WHAT IS EXPECTED: Set down exactly the lines below, starting at the one that contains "Erdemli İzciler Çanakkale" and ending at the one that contains "Sprigatito - Pokémon Central Wiki", with both of those lines included and nothing else.

PROVIDED RECORDS:
• • • • • • •

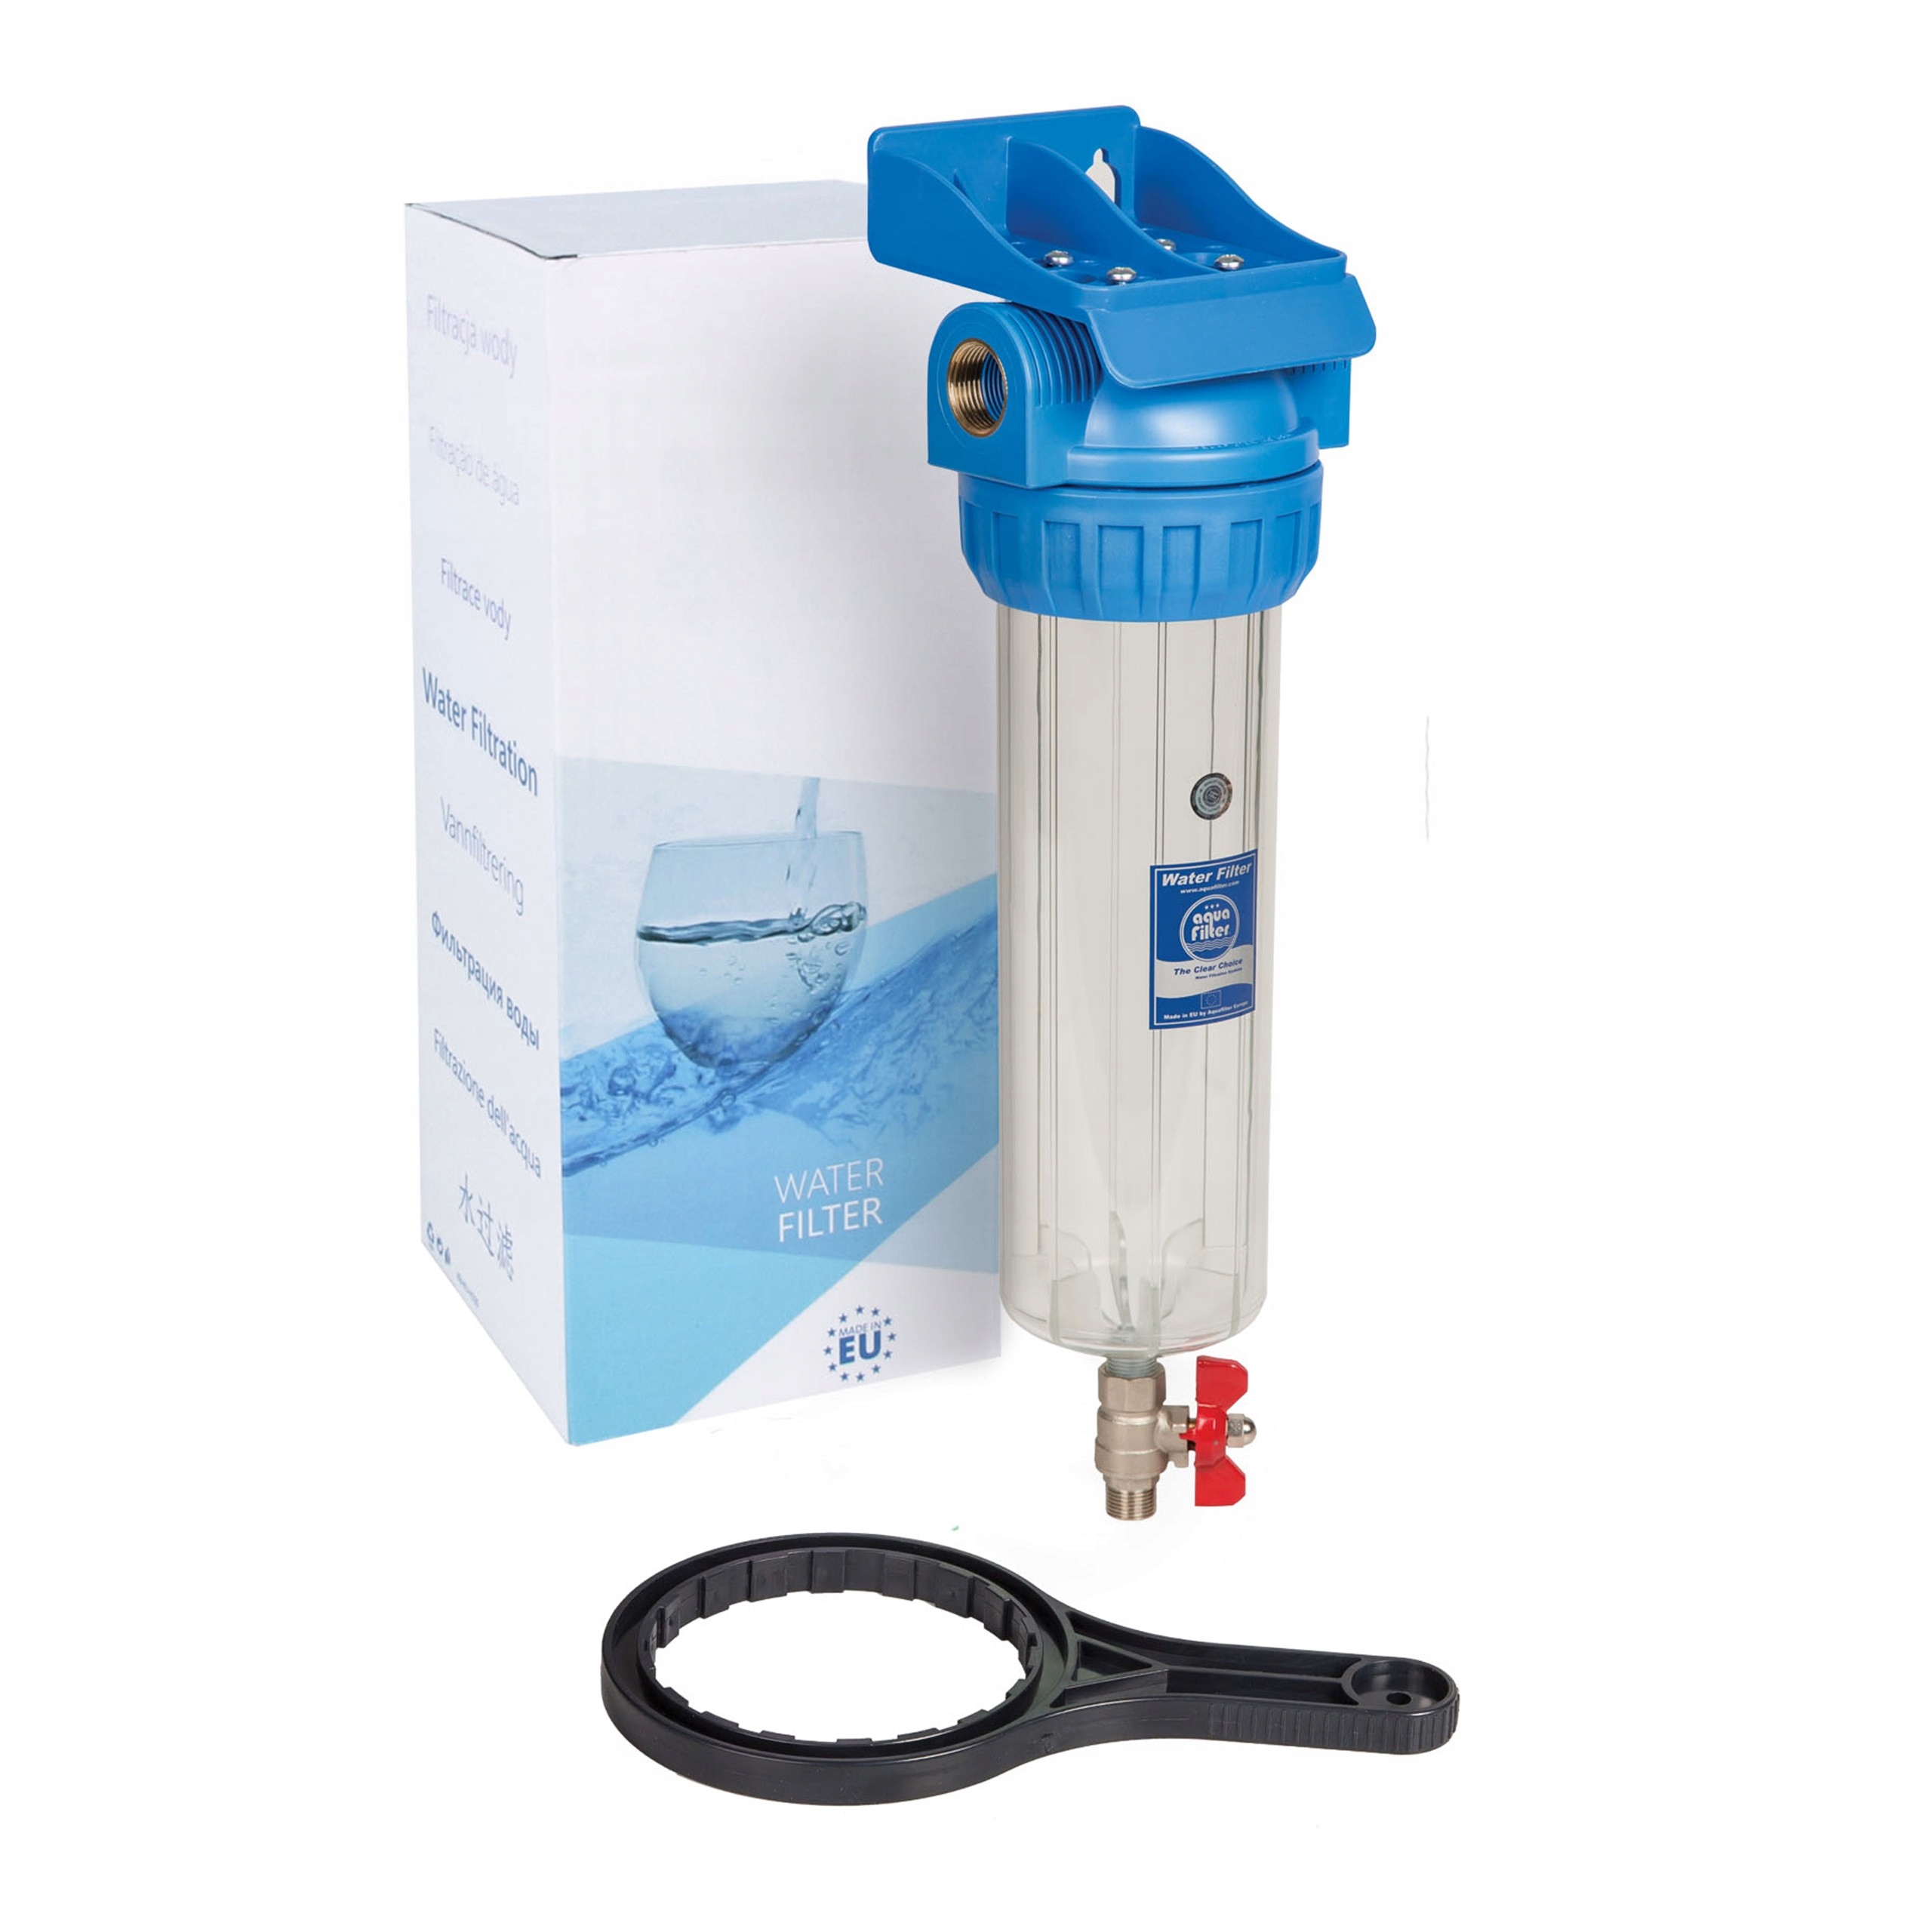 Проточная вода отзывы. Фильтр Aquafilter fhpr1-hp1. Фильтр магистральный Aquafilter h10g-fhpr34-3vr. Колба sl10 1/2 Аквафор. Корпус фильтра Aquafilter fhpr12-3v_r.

• • • • • • •

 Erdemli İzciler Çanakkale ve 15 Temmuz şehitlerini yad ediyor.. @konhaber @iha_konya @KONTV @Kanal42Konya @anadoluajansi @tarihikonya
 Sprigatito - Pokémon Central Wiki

• • • • • • •

EXERCISE RESPONSE:
 Erdemli İzciler Çanakkale ve 15 Temmuz şehitlerini yad ediyor.. @konhaber @iha_konya @KONTV @Kanal42Konya @anadoluajansi @tarihikonya
 Sprigatito - Pokémon Central Wiki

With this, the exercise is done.